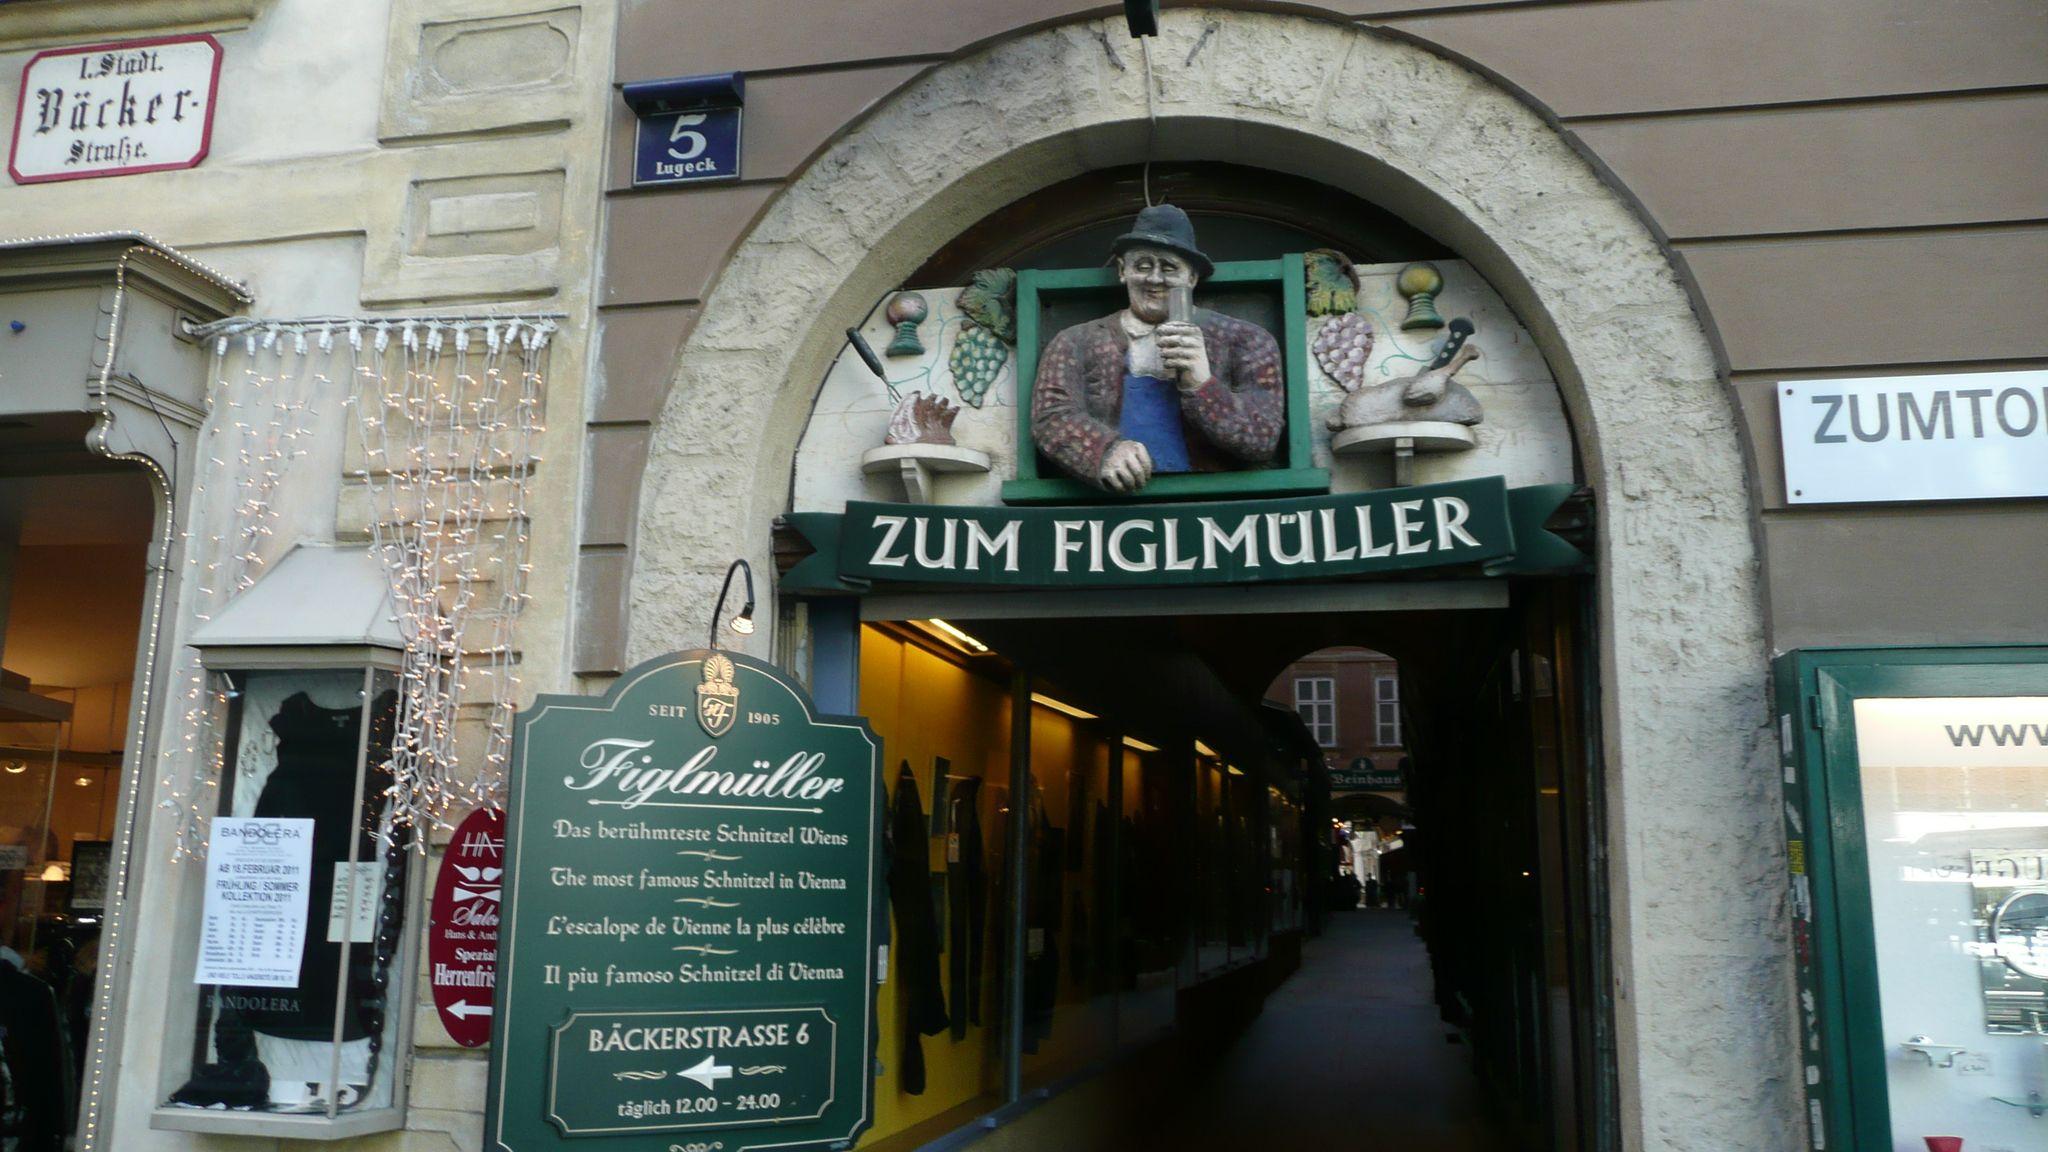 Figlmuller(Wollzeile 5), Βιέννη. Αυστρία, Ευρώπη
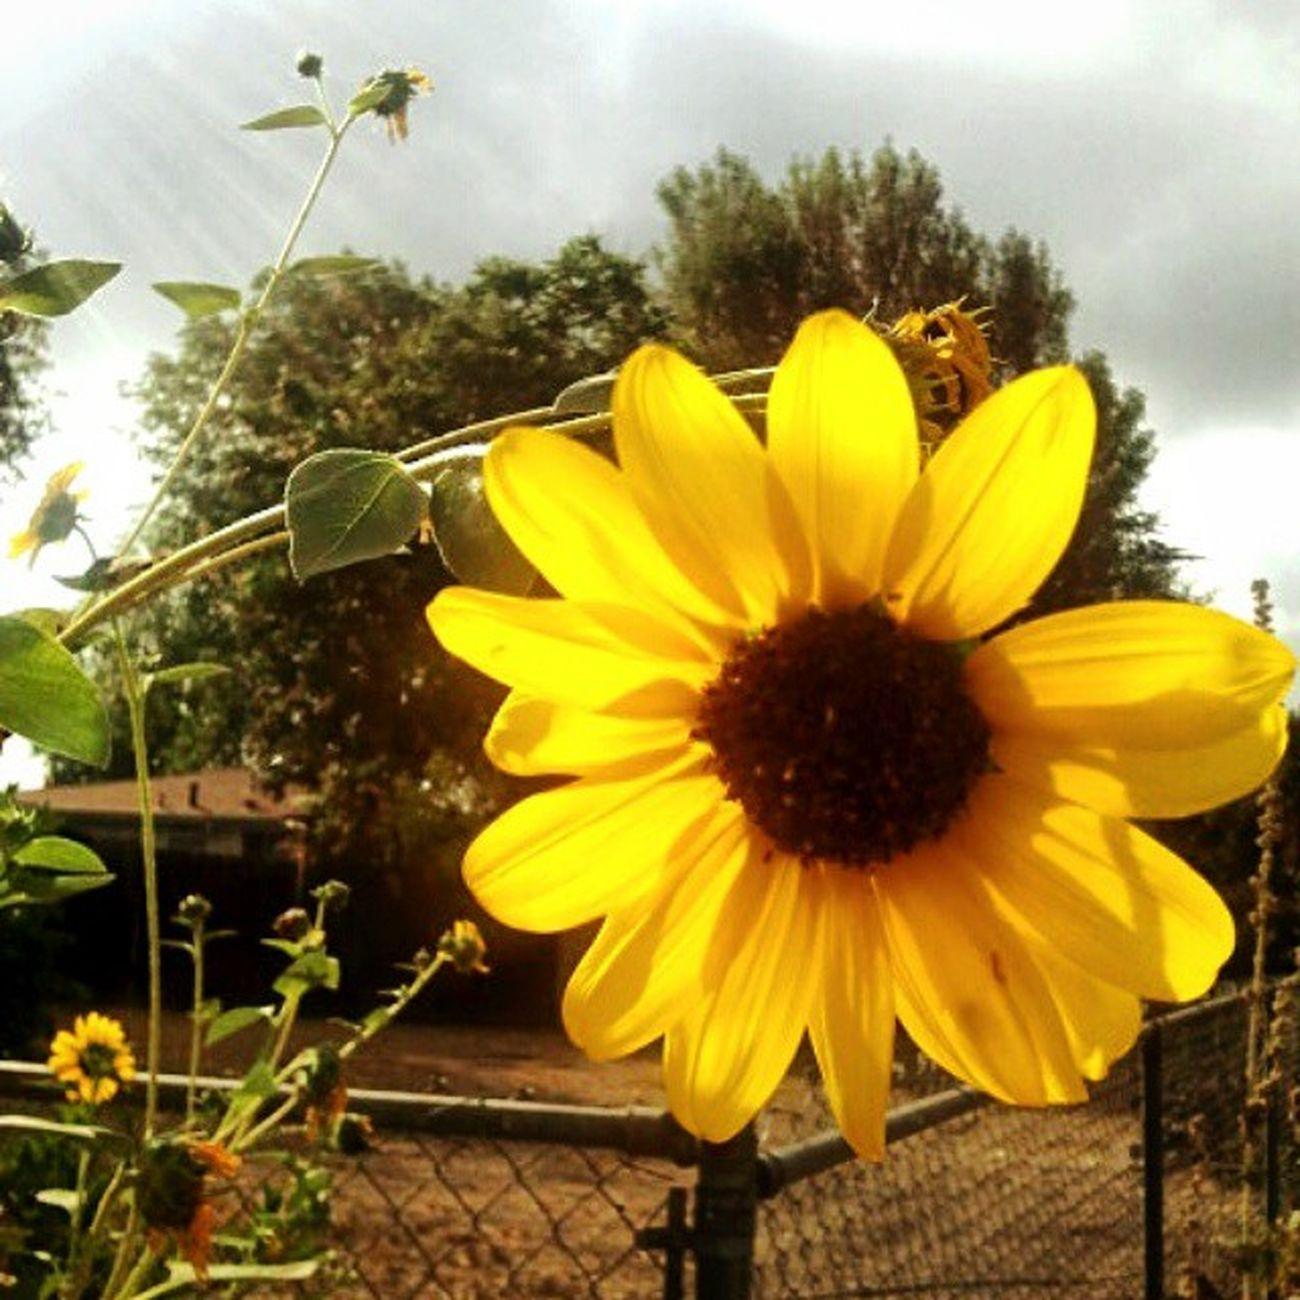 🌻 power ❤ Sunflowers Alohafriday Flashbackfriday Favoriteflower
---
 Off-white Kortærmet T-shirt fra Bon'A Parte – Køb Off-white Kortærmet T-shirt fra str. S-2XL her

**ABOUT THIS TASK**
Look through the listing above for the line with "Figlmuller(Wollzeile 5), Βιέννη." and the line with "Alohafriday Flashbackfriday Favoriteflower". Write out exactly those lines and everything between, leaving out pictures.

**TASK ANSWER**
 Figlmuller(Wollzeile 5), Βιέννη. Αυστρία, Ευρώπη
 🌻 power ❤ Sunflowers Alohafriday Flashbackfriday Favoriteflower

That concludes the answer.